In the case of this and other studies, the use of online questionnaires and guaranteeing participants confidentiality, favor a greater participation of residents, an instant record of results, a quick analysis of the information, and low monetary costs. Furthermore, there is evidence that the anonymity of responses and the access to care without repercussions in their work environment may be useful to seek and accept treatment (Nayak & Narayan, 2019).
This study has some limitations. It is not possible to establish causal relationships due to the transversal design; nor was it possible to compare self-assessment inventories with the gold standard of clinical interviews. The response rate in our study was less than 20%; a non-response bias is common on online survey research since most people tend to ignore these requests, and there may also be long delays, up to months, in respondents’ completing the survey. We also have to consider that these results represent only those who decided to participate, which raises the possibility of greater interest from individuals at higher risk of psychopathology and therefore greater need for help. Furthermore, the results should be taken with caution because we limited the study to residents belonging to institutions affiliated to the CCINSHAE. Therefore, the participants represent a specific population of the resident medical system in Mexico. Future studies that include longitudinal designs, multivariate analyses, controlling for potential confounders of psychopathology risk, such as family history of psychiatric disorders, environmental factors, sleep deprivation, and eating habits, and that involve residents of all institutions responsible for medical training in our country are necessary.
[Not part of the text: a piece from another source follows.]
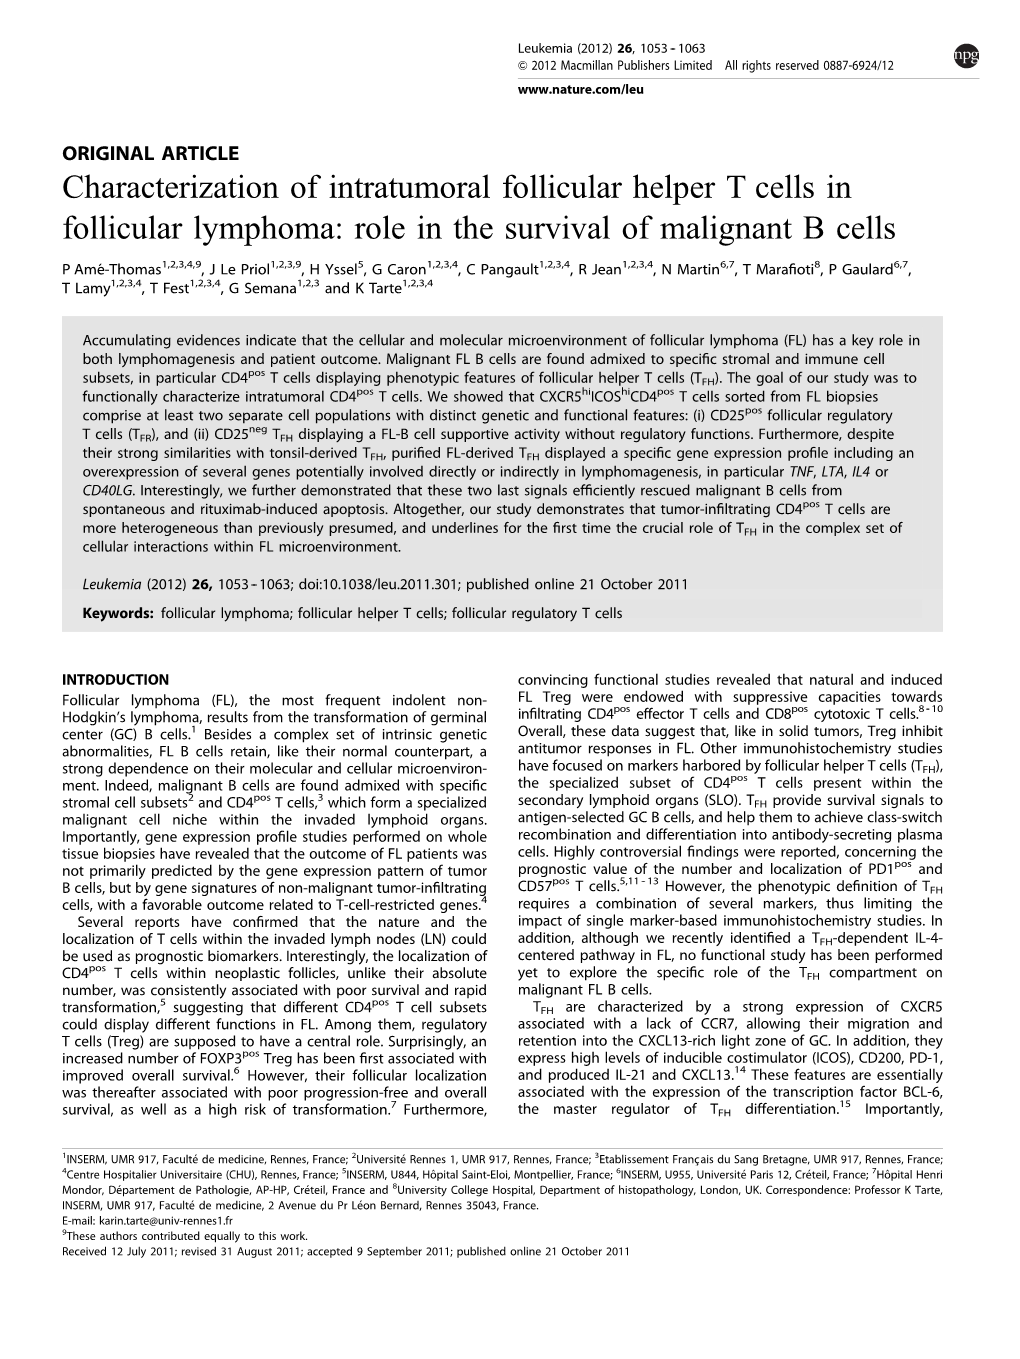 Characterization of Intratumoral Follicular Helper T Cells in Follicular Lymphoma: Role in the Survival of Malignant B Cells

In the sample evaluated, we observed that approximately half of the residents had a history of psychiatric disorders. Individuals with occupational stress also presented an increased risk of psychopathology and suicide. Furthermore, it should be emphasized that the suicide risk in this sample was significantly higher than in general population. Importantly, it was documented that individuals under psychiatric treatment had significantly lower scores on all of the applied scales.
The present data suggest that residency is a period that increases the probability of presenting psychopathology and that interventions should be aimed at reducing occupational stress and, if necessary, offering early specialized care. Doctors, like all professionals, are humans with human needs. Until we promote role models who prioritize physical and mental well-being, rather than complete self-sacrifice, our profession will continue to be afflicted by occupational stress, depression, and suicide.